Wye Wood, which grew out of the successful Herefordshire Sustain Project (part funded by The Duchy of Cornwall), offers supported health improvement and training opportunities for individuals referred via a range of agencies, including the mental health service and the probation service. Participants learn traditional woodland skills such as coppicing, hurdle making and pole lathe turning. All activities take place at woodland sites, one of which is on the Duchy Estate, at Aconbury.

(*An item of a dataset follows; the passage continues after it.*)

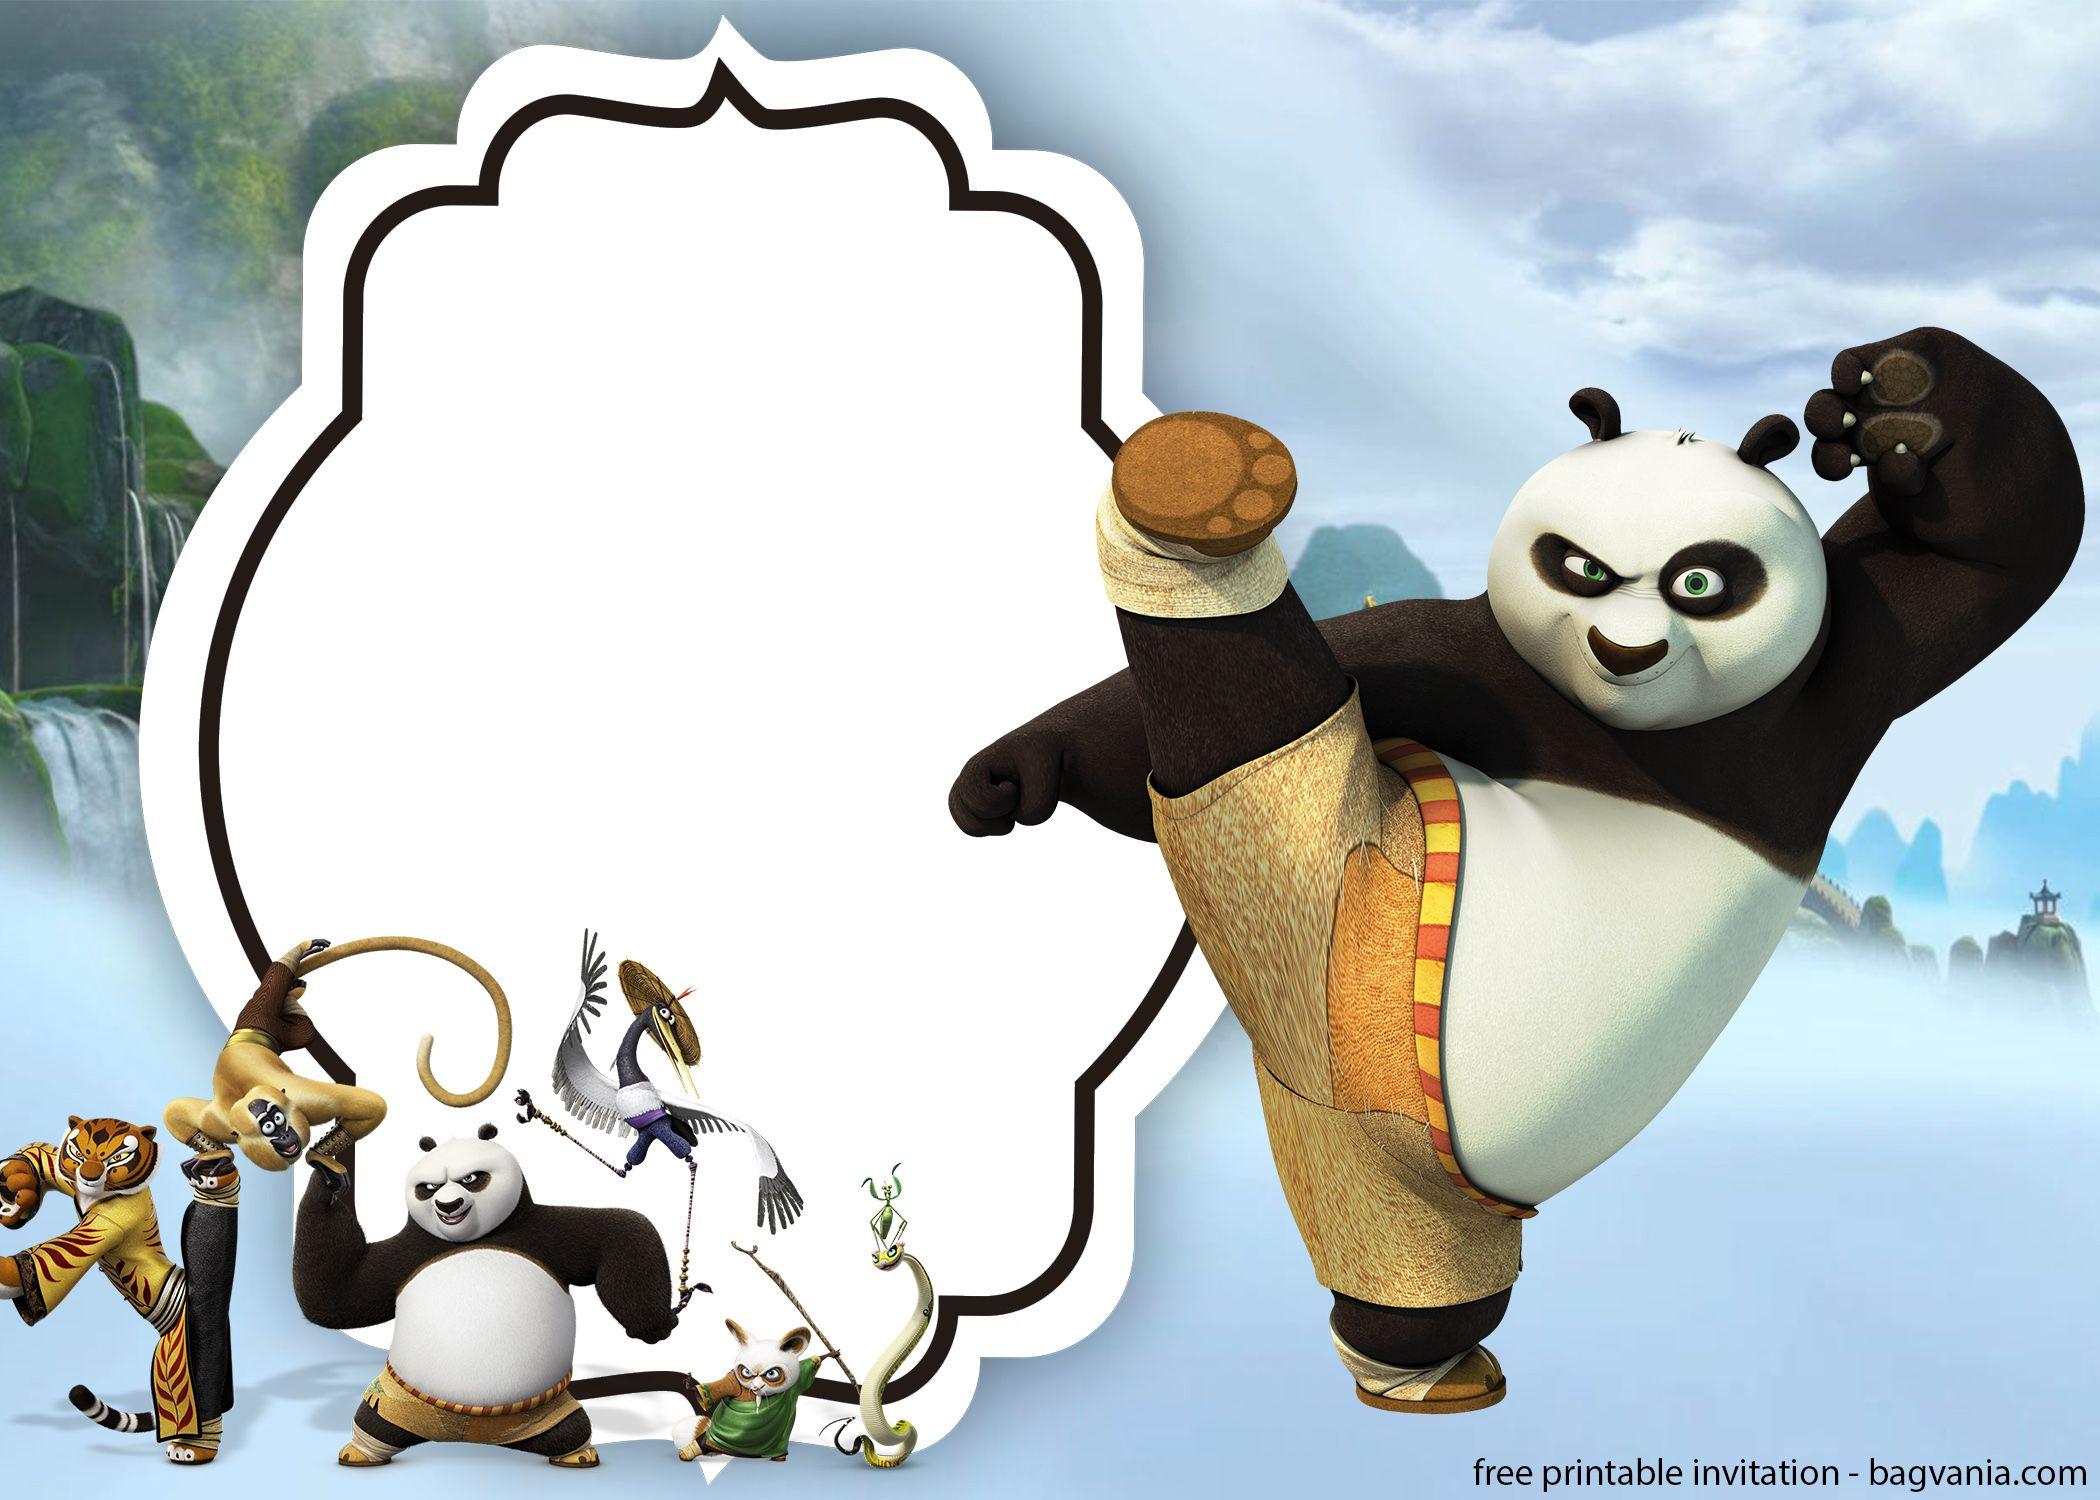 Free Kungfu Panda Invitations Templates   Bagvania Invitation   Free - Panda Bear Invitations Free Printable

The Prince took the opportunity to learn more about the project by talking to staff and volunteers about their work. During the visit project staff were able to demonstrate the success of a small project and discuss with him the potential benefit of similar projects being developed elsewhere in the country.

Continued . . .

HRH Prince Charles in Wye Wood.

A press release from the Wye Woods Project said: 'Prince Charles was extremely interested in the traditional crafts and skills which form the basis of the work we do', said Kate Tudge, Project Manager, adding that 'he himself enjoys participating in hedge laying.'

'We were delighted that he was able to speak to each and every one of the participants at the project on the day of his visit. He was particularly impressed with the Bird Feeders.'

'Wye Wood Project offers participants a valuable opportunity to gain confidence in an environment away from their day to day lives. Some people who attend the project have never picked up a hand tool before, or even visited a wood before, whereas others have worked as joiners or craftsmen. The supportive environment of the project means that participants and volunteers learn from each other, gaining in self confidence and skills'.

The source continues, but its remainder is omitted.